Buzz buzz, buzz buzz in the eardrum

Loving this post about buzzwords in education. I've had to sit through a lot of meetings and read a lot of emails recently about whether my editorial team should be training our writers to utilise the ESA (Engage, Study, Activate) methodology, or the PPP methodology (Present, Practice, Produce). Then again there's TTT (Test, Teach, Test) or ARC (Authentic use, Restricted use, Clarification).

Now I'm not against theory. There's not much I'd rather do than read a good paper on educational methodology, or sit about debating the best way to teach a language, but when I've got three months to get three novice writers to churn out tonnes of content, and that content has to be teachable, engaging and relevant, I go for the pragmatic approach every time. So when the conversation gets overly theoretical, my translation software kicks in:

Is there enough authentic use in this lesson? = Will the students get a chance to speak?
Are the materials engaging? = Are there lots of fun pictures? Will students stay awake?
Does the lesson flow in a logical sequence? = Will the teacher take less than five minutes to work out how to teach the lesson?
Is there an overarching outcome? = Do students get to do something useful at the end?
Has the methodology been correctly applied? = Will the teacher want to kill the writer by the end of the lesson?

Week 1 of content production nearly over - so far my three writers have produced some lovely lessons.
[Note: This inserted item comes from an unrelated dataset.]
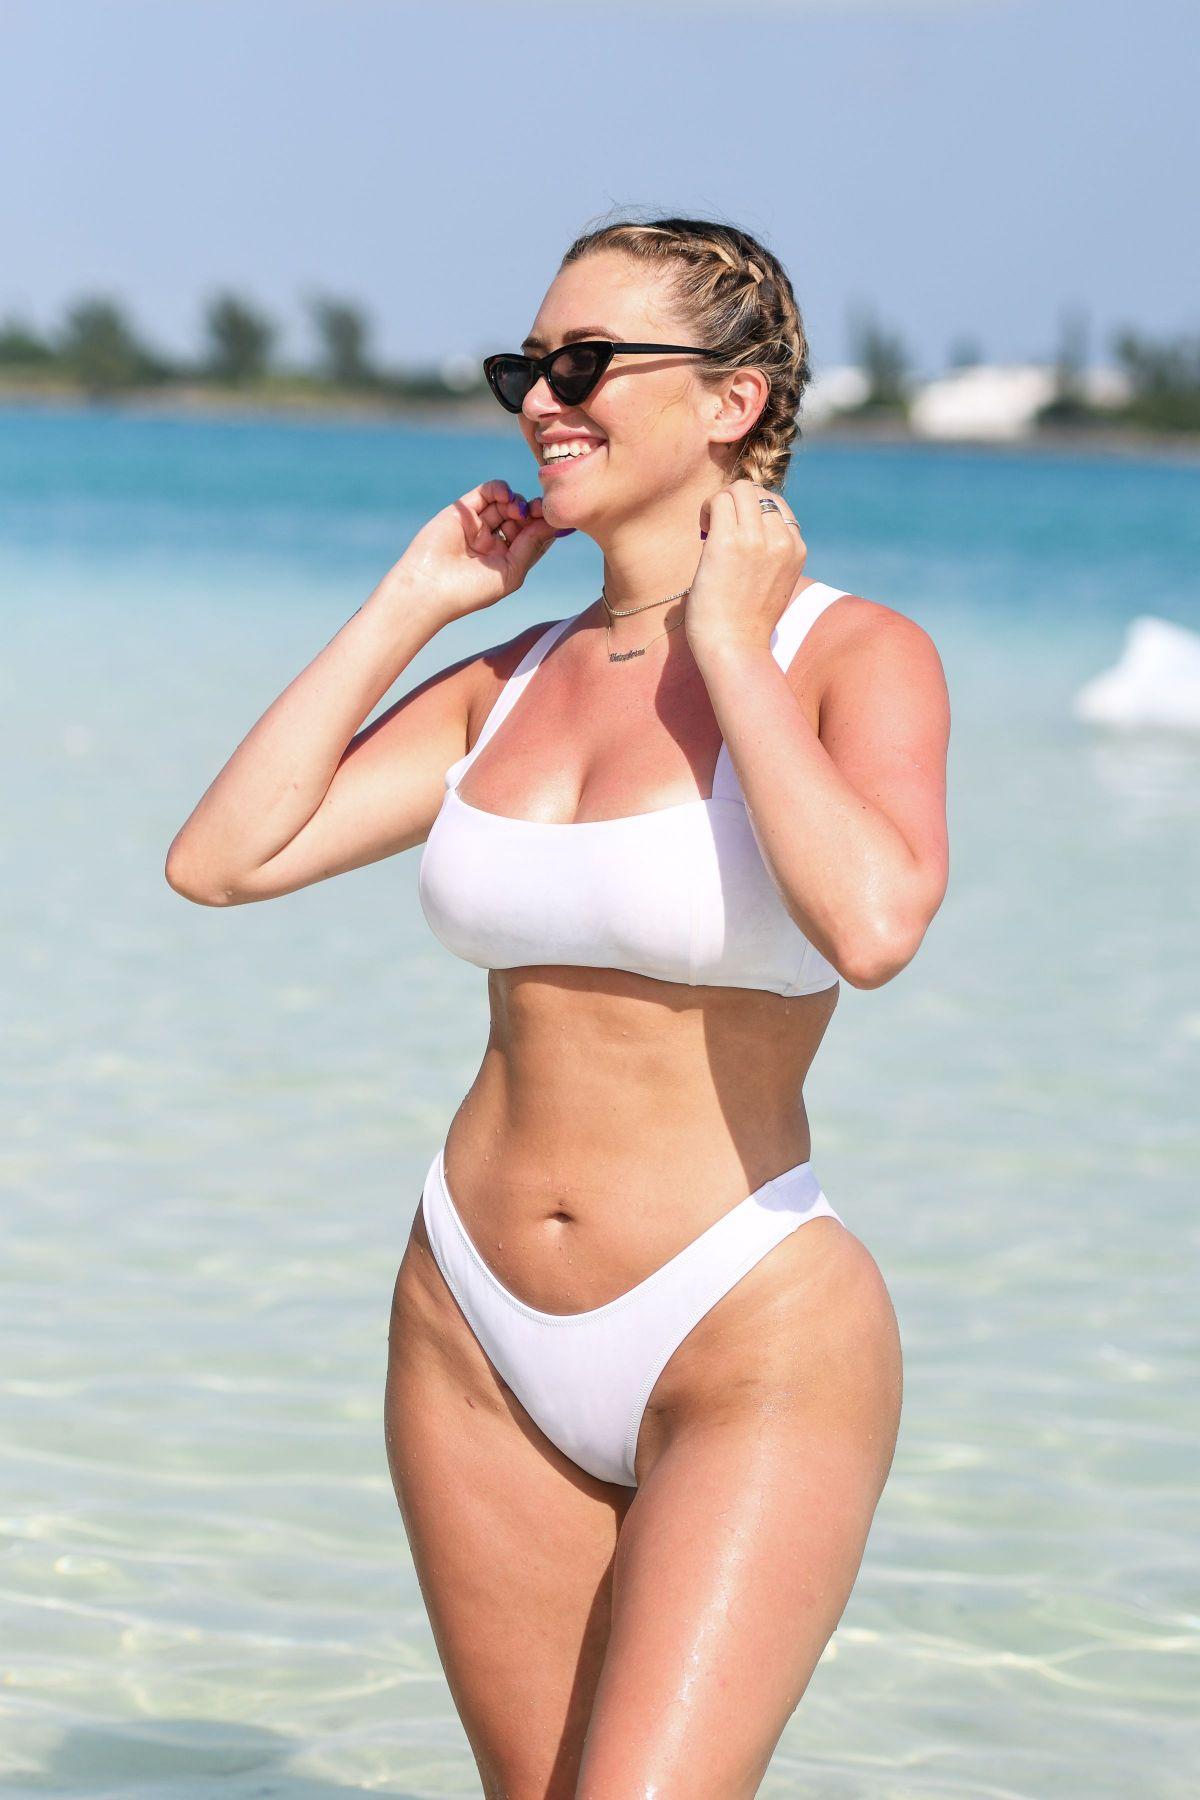 b06d7bea26b47 ANASTASIA KARANIKOLAOU in Bikini at Revolve Summer Event in Bermuda 07 17  2018

Only eleven weeks to go.

4 comments:

patroclus said...

Ooh, that is too weird - I was about to write a post with EXACTLY the same title, but about my eardrum bursting.

The Bureauista said...

Wire in the blood eh? (snort)

Kel D said...

Where do these people come from with their fancy words?
Why can't they say what they mean and no more?
Why does everyone have to be clever?

The Bureauista said...

If you can't beat em, join em. I've just coined the term 'parallel learning' to describe the language learning approach whereby conversational practice, book learning and online learning are conducted in a non-integrated 'separate' manner - the opposite of 'blended learning' the current buzz in EFL. Go on, neologise!